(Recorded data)
• • • • • • •

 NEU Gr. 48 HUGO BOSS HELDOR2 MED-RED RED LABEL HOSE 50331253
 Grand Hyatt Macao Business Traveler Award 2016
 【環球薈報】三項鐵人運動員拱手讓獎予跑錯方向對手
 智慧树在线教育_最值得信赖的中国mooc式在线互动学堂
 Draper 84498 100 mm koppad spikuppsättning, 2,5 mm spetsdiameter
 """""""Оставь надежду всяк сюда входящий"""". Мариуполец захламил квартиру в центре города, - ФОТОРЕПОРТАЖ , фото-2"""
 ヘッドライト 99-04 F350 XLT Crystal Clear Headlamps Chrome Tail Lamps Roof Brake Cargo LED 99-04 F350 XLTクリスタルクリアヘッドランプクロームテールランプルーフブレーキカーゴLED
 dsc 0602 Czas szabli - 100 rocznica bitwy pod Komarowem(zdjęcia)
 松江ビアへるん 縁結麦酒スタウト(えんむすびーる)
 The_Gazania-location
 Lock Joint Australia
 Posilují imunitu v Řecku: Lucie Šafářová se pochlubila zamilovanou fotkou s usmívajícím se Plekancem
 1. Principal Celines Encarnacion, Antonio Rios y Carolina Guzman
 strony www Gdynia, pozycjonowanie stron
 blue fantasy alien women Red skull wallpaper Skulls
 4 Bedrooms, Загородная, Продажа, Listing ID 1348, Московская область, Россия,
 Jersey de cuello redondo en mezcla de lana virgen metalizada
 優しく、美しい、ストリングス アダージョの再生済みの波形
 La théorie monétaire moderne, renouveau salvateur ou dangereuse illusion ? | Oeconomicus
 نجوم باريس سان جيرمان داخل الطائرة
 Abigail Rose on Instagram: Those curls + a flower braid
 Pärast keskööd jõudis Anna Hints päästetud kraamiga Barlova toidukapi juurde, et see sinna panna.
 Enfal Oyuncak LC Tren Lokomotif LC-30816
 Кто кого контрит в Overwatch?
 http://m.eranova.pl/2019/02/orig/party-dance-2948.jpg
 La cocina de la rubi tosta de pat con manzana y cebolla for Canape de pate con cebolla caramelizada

• • • • • • •

Assignment — What you return should be exactly the lines above, starting at the one with "Draper 84498 100" and ending at the one with "Pärast keskööd jõudis", and nothing else.

Output —
 Draper 84498 100 mm koppad spikuppsättning, 2,5 mm spetsdiameter
 """""""Оставь надежду всяк сюда входящий"""". Мариуполец захламил квартиру в центре города, - ФОТОРЕПОРТАЖ , фото-2"""
 ヘッドライト 99-04 F350 XLT Crystal Clear Headlamps Chrome Tail Lamps Roof Brake Cargo LED 99-04 F350 XLTクリスタルクリアヘッドランプクロームテールランプルーフブレーキカーゴLED
 dsc 0602 Czas szabli - 100 rocznica bitwy pod Komarowem(zdjęcia)
 松江ビアへるん 縁結麦酒スタウト(えんむすびーる)
 The_Gazania-location
 Lock Joint Australia
 Posilují imunitu v Řecku: Lucie Šafářová se pochlubila zamilovanou fotkou s usmívajícím se Plekancem
 1. Principal Celines Encarnacion, Antonio Rios y Carolina Guzman
 strony www Gdynia, pozycjonowanie stron
 blue fantasy alien women Red skull wallpaper Skulls
 4 Bedrooms, Загородная, Продажа, Listing ID 1348, Московская область, Россия,
 Jersey de cuello redondo en mezcla de lana virgen metalizada
 優しく、美しい、ストリングス アダージョの再生済みの波形
 La théorie monétaire moderne, renouveau salvateur ou dangereuse illusion ? | Oeconomicus
 نجوم باريس سان جيرمان داخل الطائرة
 Abigail Rose on Instagram: Those curls + a flower braid
 Pärast keskööd jõudis Anna Hints päästetud kraamiga Barlova toidukapi juurde, et see sinna panna.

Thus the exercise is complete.